The metaphorical armor of a great physique is capped with a pair of cannonball delts.

Beyond aesthetics, strong, well-developed shoulders are an insurance policy for contact and combat sport athletes while offering both performance and injury-prevention benefits in sports ranging from Kushti to cricket to powerlifting! 

Initially, incremental progressive overload via basic exercises cuts the mustard, but eventually the spigot of newbie gains drips to a halt, propelling intermediate lifters into a continuum of rep ranges — rollercoasting from high to low — and more fancy exercises than Wilt Chamberlain has lovers.

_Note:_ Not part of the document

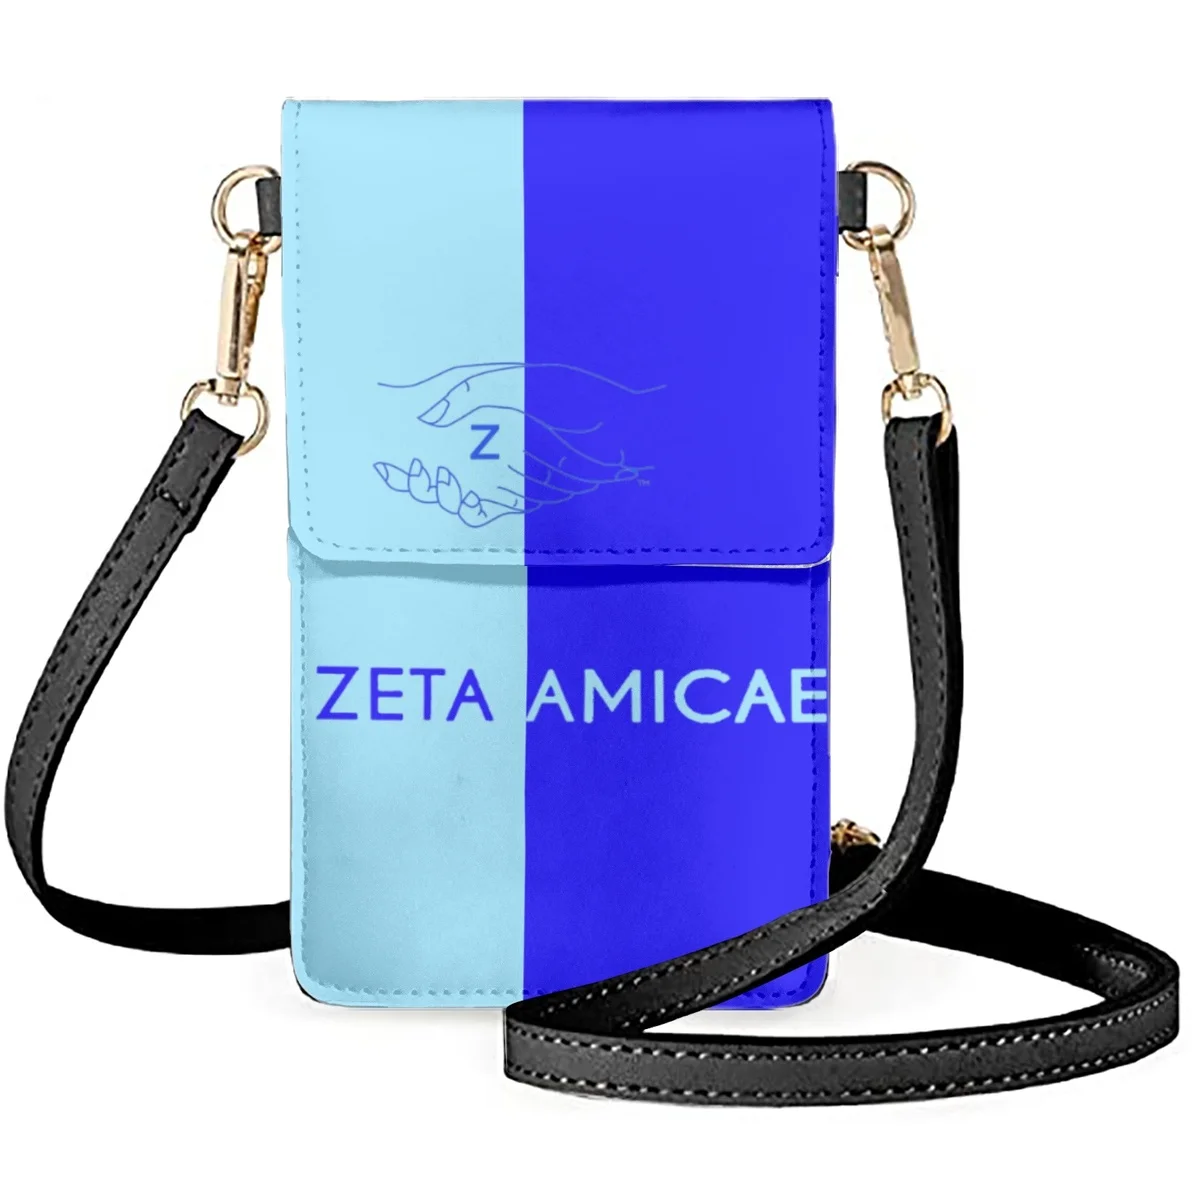 

Сумка для телефона FORUDESIGNS Zeta Amicae контрастных цветов, кожаные флип-сумки через плечо, женские нишевые модные мессенджеры, классическая сумка

Unfortunately, the result is painful impingement, plunging pressing power, and becoming acquainted with the canvas in the backyard boxing brawls at the local mobile home turned afterhours sake house!

Information is at an all-time high and beyond elite-lifting circles, results do not reflect this. 

We are going to show you how to optimize size, strength, and the function of your shoulders.


The shoulder girdle serves as the foundation of the upper body and is comprised of four interdependent joints — glenohumeral, acromioclavicular, sternoclavicular, and scapulothoracic — which work in concert to articulate, or move the shoulder.

Poor alignment of these joints, often the result of a lack of stability and motor control of attaching muscles, structural abnormalities or deformities, or ligamentous laxity, will contribute to dysfunction and pain, therefore, some of the exercises, while boasting superiority in electromyographical studies in targeting specific aspects of the deltoid musculature may not work for you!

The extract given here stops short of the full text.